The sustainability of sovereign debt is a highly fashionable subject these days. In the past, one would have regarded these fiscal jumps as very risky. Back then, it took almost a war situation for a country to get into so much debt. Now we act as if this is the most normal thing in the world: did your company need another billion or 2 or even 3? Just let us know…! And how many emergency aid schemes have we by now entered into? As if there is no tomorrow. And not because of the general elections in the near future (with a mouth mask and one may keep the red pencil). But because we fear that the previous emergency aid schemes would otherwise have been in vain.

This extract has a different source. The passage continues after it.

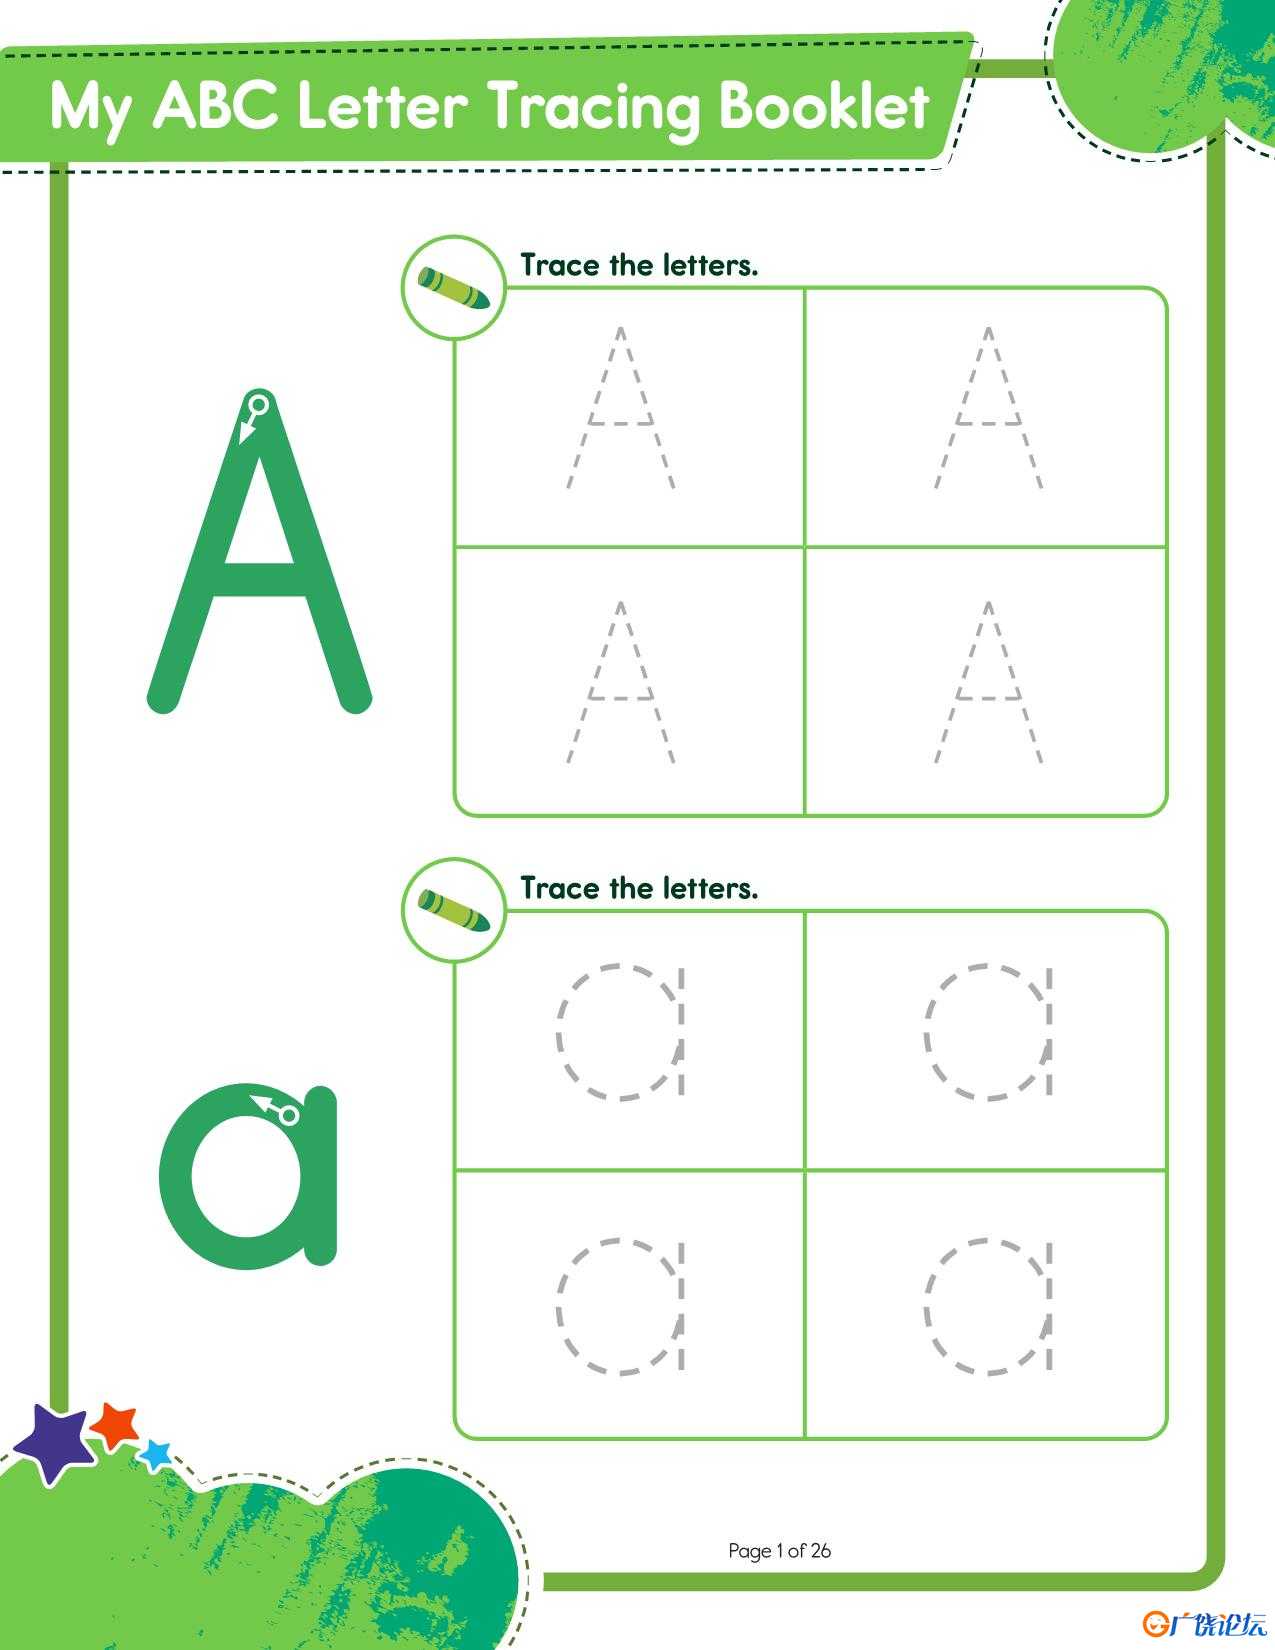 abc-letter-tracing-booklet-us 27页PDF
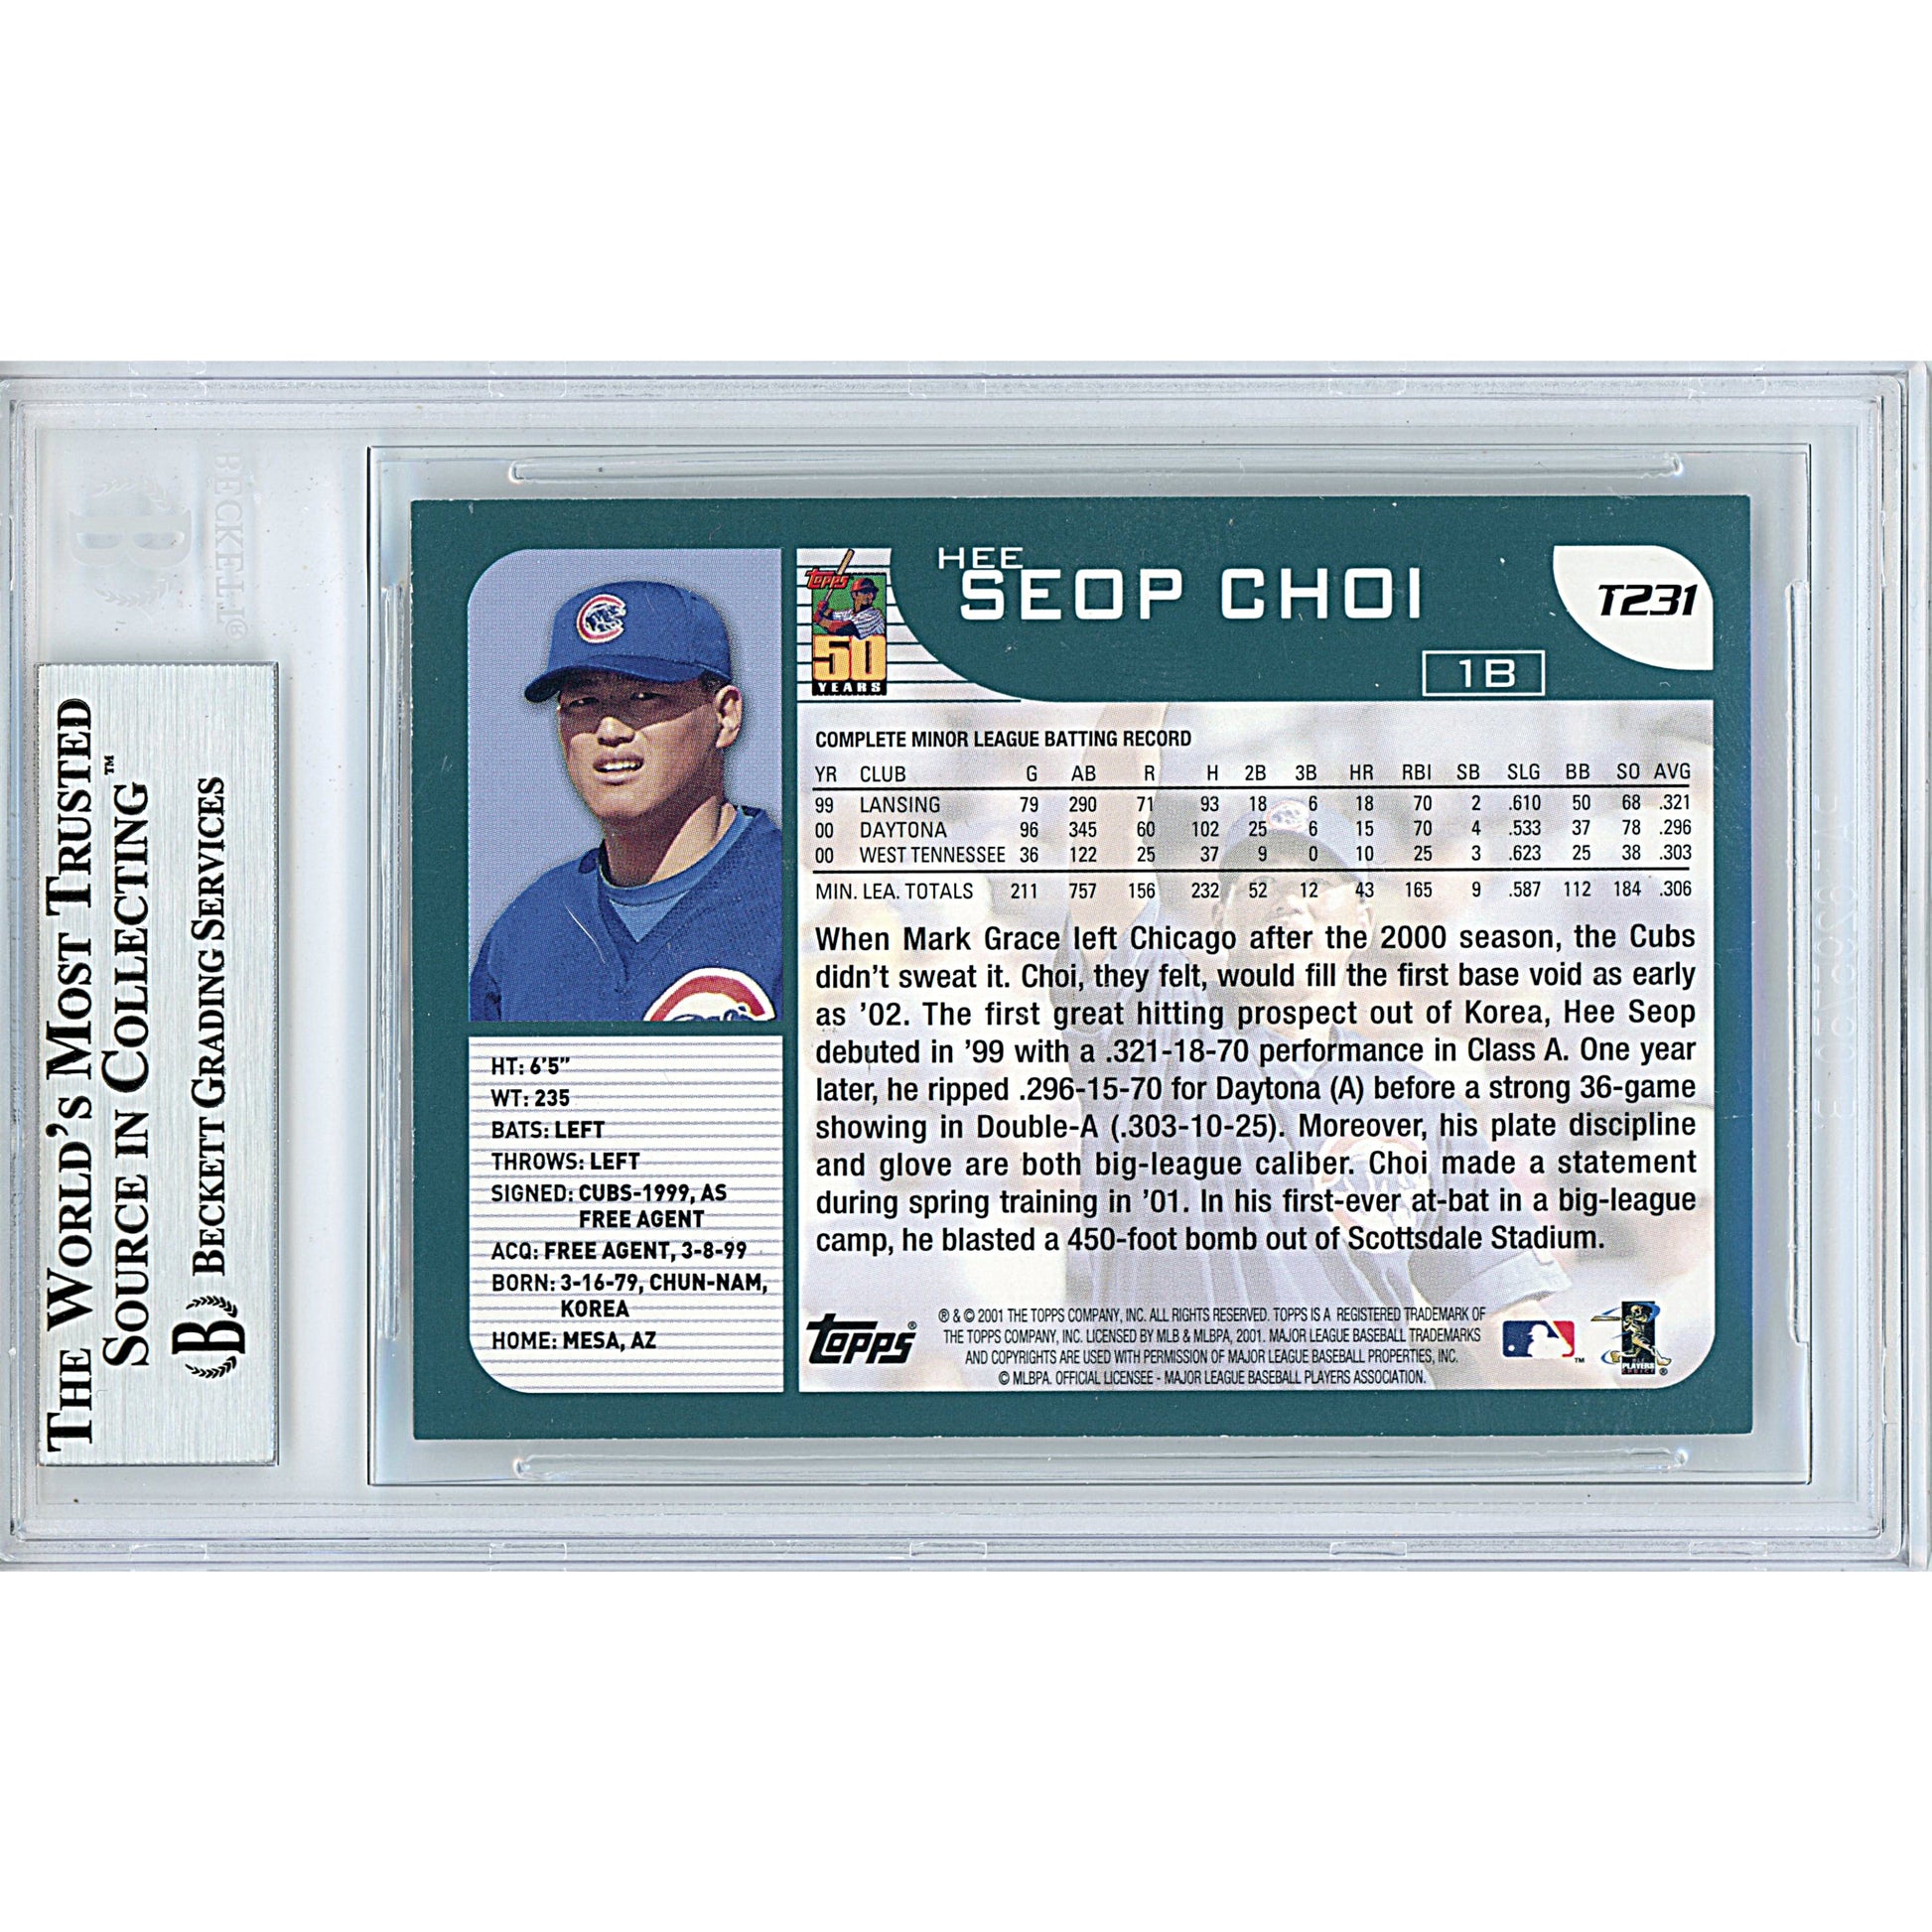 Baseballs- Autographed- Hee Seop Choi Signed Chicago Cubs 2001 Topps Traded Baseball Card Beckett BAS Slabbed 00013694820 - 102

In the meantime, unemployment keeps fluctuating at low levels and the number of bankruptcies is still limited. And various industries are waiting for the next tsunami of money to be poured out over them. Had one ever dared to predict this in advance? I certainly did not. The example we give (hardly anyone is allowed to go bust, which certainly will happen, by the way, especially starters), also has consequences for countries with more government debts. Say the Dutch national debt went from 45% to 65% of GDP. In Italy it rose from 135% to 160% last year. And this year it goes even further. That means that the common European debt of 2020 was only a start. If we do not want Italy to derail, the EU will have to become even more generous. The same for Portugal, Spain and again Greece. Notwithstanding all the issues with countries such as Poland, Hungary and Bulgaria, who participate substantially in all the extra support our Mediterranean friends are receiving.

But, I hear you say, as long as all central banks are buying up those debts, what difference does that really make? The answer lies in the economic recovery, a further weakening dollar, improving commodity prices and the risk of inflation. Broadly speaking, these four subjects are interrelated. Although few central bankers believe that inflation will really pick up again. But if the world can and will be set free again, it would not surprise me to see rising inflation. And as a result, central banks will have to put on the brakes one day and gradually reduce their purchases of government debt.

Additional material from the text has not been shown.